The relationship between ketone body metabolism and insulin resistance eludes discrete definition. Variables obscuring characterization include (i) physiological state in which hormone-fuel relationships are measured (fed, fasted, clamped); (ii) what is measured – e.g., static ketone concentrations versus ketone body turnover, and whether acetoacetate is measured along with beta-hydroxybutyrate (βOHB); and (iii) where in the natural history of insulin resistance progression the model or participant falls. Insulin resistance and ketogenesis are intricately linked metabolic processes that hold critical roles in the regulation of energy within the body1. Insulin resistance, defined as diminished responsiveness to insulin regulation in a postprandial state, contrasts with ketogenesis, a natural process by which hepatic mitochondria convert adipocyte-derived fatty acids to produce acetoacetate and its redox partner βOHB, particularly during times of glucose scarcity2. Ketogenesis is hormonally regulated, with glucagon stimulating it, and insulin (in)directly inhibiting it3,4. Understanding the intricate relationship between ketogenesis and insulin resistance may be crucial for maintaining wellness, and is likely to be guided by distinct molecular signals than those driving impaired suppression of glucose production in insulin resistance5.
A recent study contributed by Mey et al6 seeks to determine the interplay between ketone bodies and lipid-induced insulin resistance in human participants. Acute insulin resistance was provoked via a 12h overnight intravenous lipid infusion in randomized crossover design, and hepatic and peripheral tissue insulin sensitivity were quantified by hyperinsulinemic – euglycemic clamp, focusing on understanding whether the propensity of the liver to generate ketones protects against insulin resistance. Though as expected, controlled lipid infusion resulted in elevated static plasma concentrations of βOHB, ketone body levels related to insulin resistance in a tissue-specific manner: a positive correlation between plasma βOHB levels and insulin-stimulated suppression of hepatic glucose production (HGP), indicative of hepatic insulin sensitization by hepatic ketogenesis, was observed.

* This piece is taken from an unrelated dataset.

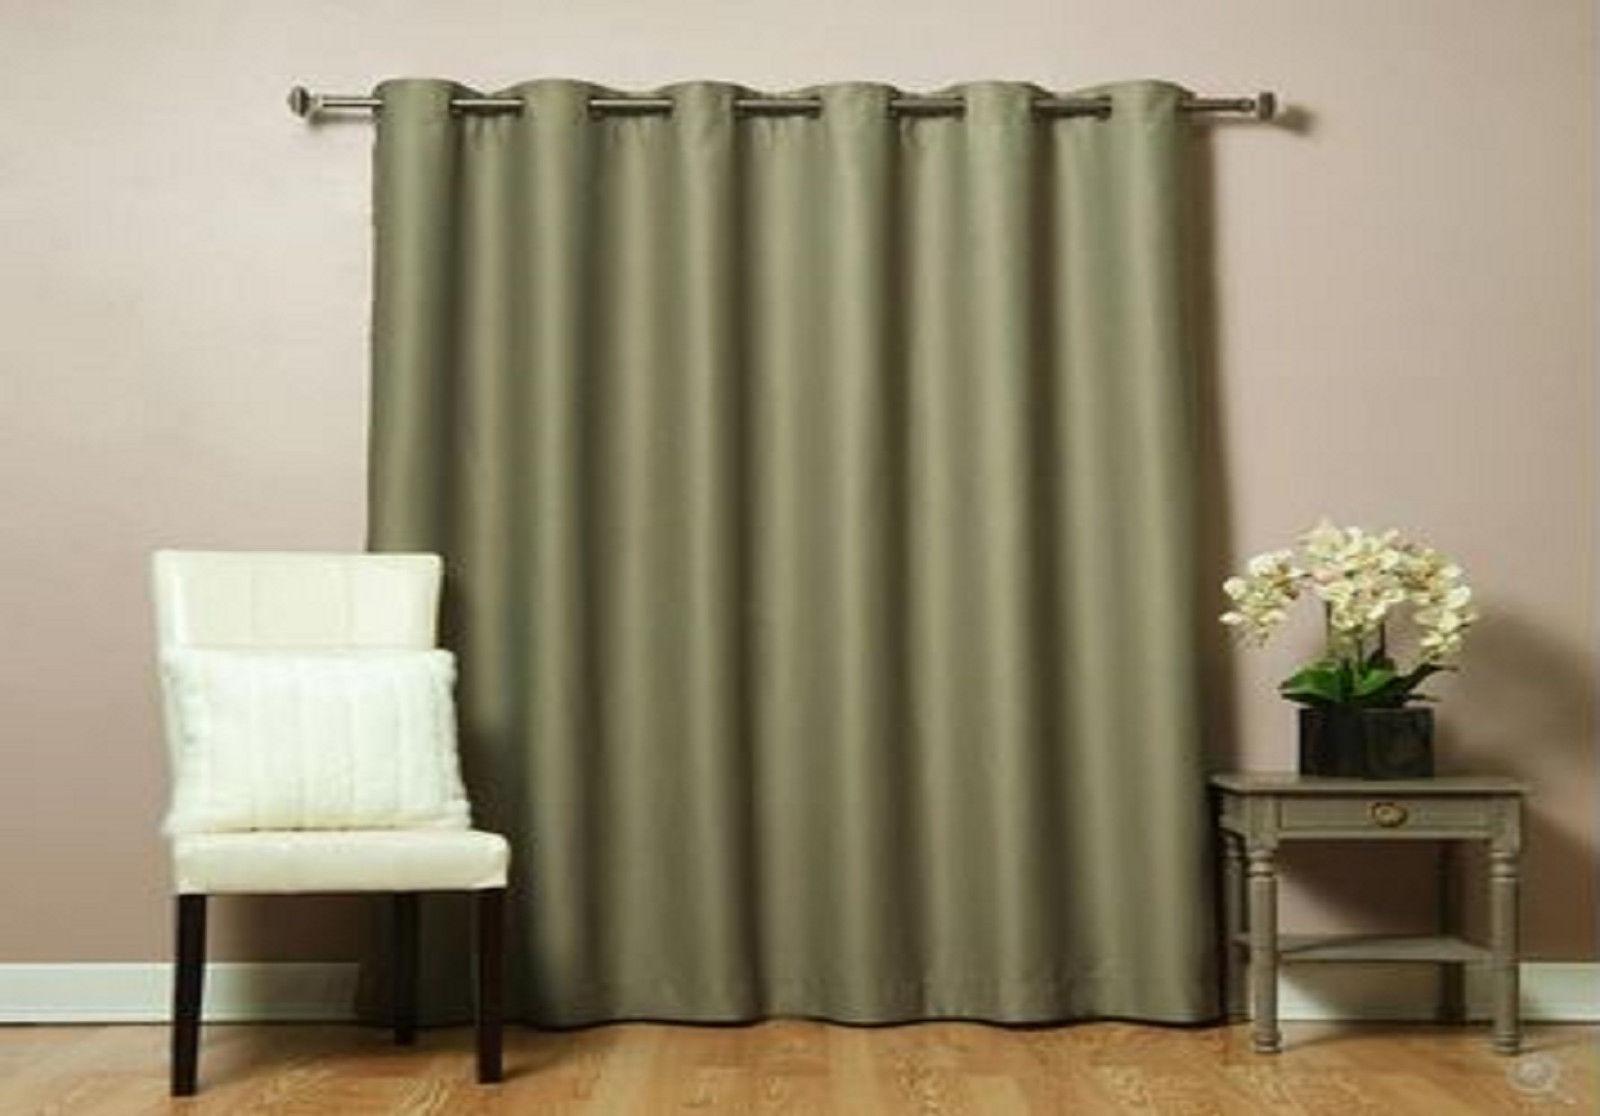 Wide Width Patio Bedroom Livingroom Grommet Window Treatment Curtains Drapes Curtains Drapes

However, a negative correlation emerged between βOHB levels and peripheral insulin sensitivity, measured as the quantity of glucose disposed per unit of plasma insulin.
Limitations of this study design leave opportunity for the development of additional insights. First, the lipid infusion protocol6 did not include heparin, an anticoagulant that also liberates lipoprotein lipase from adipose into the circulation. Lipoprotein lipase is crucial for the lipolysis of fatty acids from circulating lipoproteins, and heparin prevents the uptake of lipids in adipose tissue, ensuring the availability of ketogenic free fatty acids to the liver7. Additionally, this study6 did not quantify ketone body turnover, specifically the rates of hepatic ketogenesis (rate of appearance) and extrahepatic ketolysis (rate of disappearance)2. While a static plasma βOHB concentration often reflects hepatic ketogenesis rates, whether hepatic ketogenesis or extrahepatic disposal are dynamically regulated is important to understand in pathophysiological states such as insulin resistance. Furthermore, a direct relationship between βOHB and the inflammatory response to lipid infusion was not present, potentially due to the mild inflammatory response induced by the low-dose lipid infusion. Additional studies are warranted to develop the anti-inflammatory properties of βOHB and its relevance to systemic or tissue-specific inflammation in humans8. It is also important to underscore that the physiological responses to acute lipid overload in healthy, young participants may not entirely mirror the physiology of insulin resistance that develops because of long-term metabolic alterations observed in obese individuals. In a complementary study in mice subjected to a prolonged high-fat diet regimen, alterations in ketone body turnover were observed only in the advanced stages of diet-induced insulin resistance9,10. In a prior study in clamped obese humans, ketone metabolism was not altered in obese participants, unlike glucose metabolism5. Moreover, ketogenesis is frequently utilized as a proxy for hepatic beta-oxidation, and both processes display a diminished dynamic range in individuals with metabolic inflexibility, particularly those afflicted with insulin resistance. These limitations endure even in the context of hyperinsulinemic-euglycemic clamps conducted during lipid infusion states11.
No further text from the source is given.